= Fred Karpoff =

American pianist and music educator

Fred Karpoff (born January 28, 1963) is an American pianist and music educator, renowned for developing both the 3-D Piano Method of piano playing and teaching and the Entrada Piano Technique. Karpoff received his undergraduate education at Northwestern University, and his Doctor of Musical Arts (DMA) from the Peabody Conservatory. He is Professor of Piano and Ensemble Arts and co-chair of the keyboard department at the Setnor School of Music, Syracuse University.

==Education==
Karpoff graduated from Walnut Hills High School in Cincinnati, Ohio and received his undergraduate degree at Northwestern University, studying under Robert Weirich. He earned his master's and doctoral degrees from the Peabody Institute, while studying with Ann Schein Carlyss, Leon Fleisher, and Yoheved Kaplinsky. He performed in master classes for Murray Perahia, Menahem Pressler, Paul Badura-Skoda, Lazar Berman, Gabriel Chodos, and Boris Berman, and received extensive coaching from Richard Goode and Karl Ulrich Schnabel.

==Performing career==
Karpoff has won prizes in several international piano competitions (San Antonio, Competition Internationale, Frinna Awerbuch) and was a semi-finalist in the AXA Dublin International Piano Competition. He served as a USIA Artistic Ambassador to Germany, Luxembourg, Belgium, Ghana, Zimbabwe, and Ireland.

Chamber music and vocal coaching have been central to Karpoff's career. He has held residencies at festivals in Siena and Montecatini, and given numerous performances at the Skaneateles Festival
in central New York. He has performed with other musicians, including violinists Curtis Macomber, Steven Copes, Mark Fewer and Harumi Rhodes; violist Michelle LaCourse, cellists Clive Greensmith, Peter Rejto and, Shauna Rolston; clarinetist Larry Combs, flutist Marina Piccinini, and hornist Eric Ruske. He had a longstanding professional duo with his wife, soprano Rebecca Karpoff. From 2007 to 2011, he was the pianist of the Boccaccio Trio
with violinist Jeremy Mastrangelo and cellist David Ledoux. He performed as soloist in six concerti with the Syracuse Symphony Orchestra
from 2000 to 2010, including in the ensemble's final Contributors Concert. An international Steinway artist, Karpoff has also performed in France, Italy, China, India, Finland, and Canada.

He released Heroic Tales: Piano Music of Edward MacDowell on the Sonatabop label, and Renegade Classics issued his live Beethoven Trio performances with musicians at the Skaneateles Festival, in addition to the albums This Moment and Snapshots with soprano Rebecca Karpoff.

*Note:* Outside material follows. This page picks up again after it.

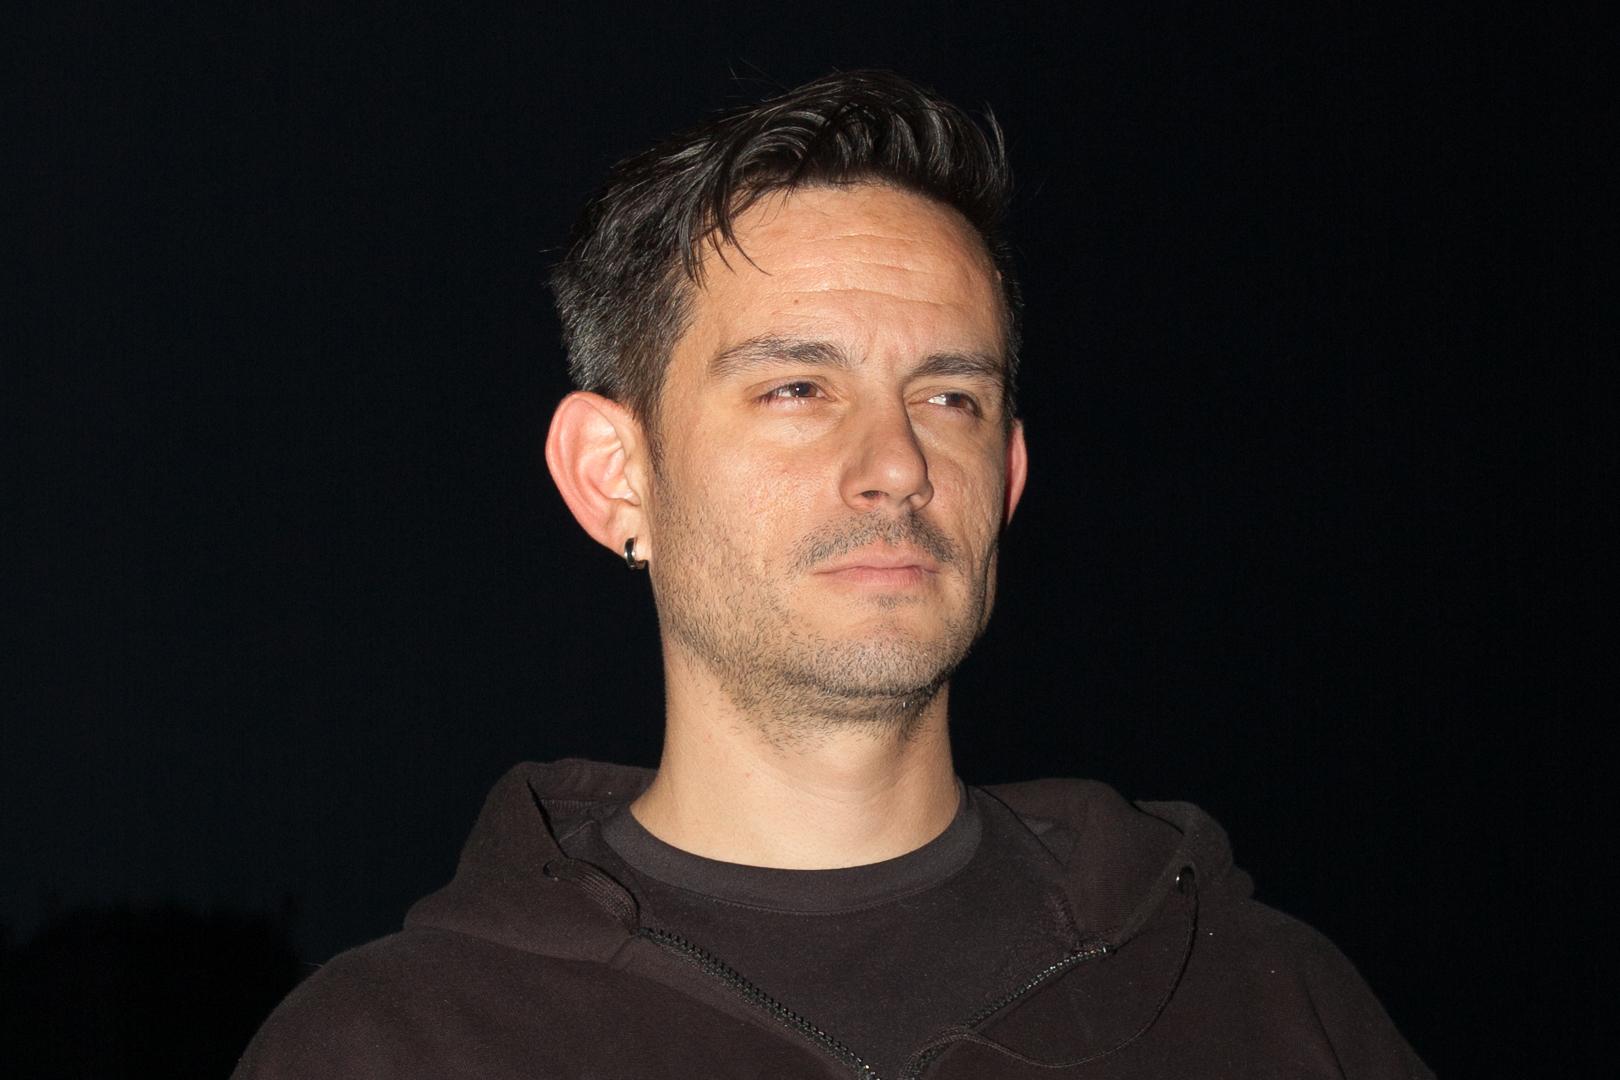 Bartists' Team Member Danny

==Teaching and Lecturing==
Karpoff began his teaching career as an assistant at Peabody and as a faculty associate at Johns Hopkins University. He taught for one year at the University of Maryland, Baltimore County before accepting a professorship at Syracuse University in 1991. Karpoff served as a Visiting Professor of Piano at the Eastman School of Music in the fall of 2011. In 2013, he taught in Strasbourg, France as part of Syracuse University's study-abroad music program.

Karpoff presents workshops and master classes throughout North America and abroad, including appearances at MTNA Conferences, the National Conference on Keyboard Pedagogy, and the East-West Asia Conference. He is regularly featured as the conference artist and clinician for state and provincial music teachers’ associations, including those in Texas, California, Oregon, Oklahoma, Kansas, New York, Pennsylvania, Utah, Alabama, Alberta, North Carolina, and South Carolina.

==Video Pedagogy==
In 2007, Karpoff began working with documentary filmmaker and Syracuse University professor Richard Breyer on 3-D Piano: The Three-Dimensional Pianist, a six-part series on piano teaching and playing, featuring a demonstration of Karpoff's 3-D Method. Released in 2009, 3-D Piano was awarded the Frances Clark Keyboard Pedagogy Award by Music Teachers National Association in 2011.

In 2014, Karpoff created Entrada Piano Technique, an online video resource designed to promote effortless piano technique. From 2017 to 2019, he served as Director of Professional Development for the Faber Piano Institute. In 2020, he relaunched Entrada Piano Technique as Entrada Piano.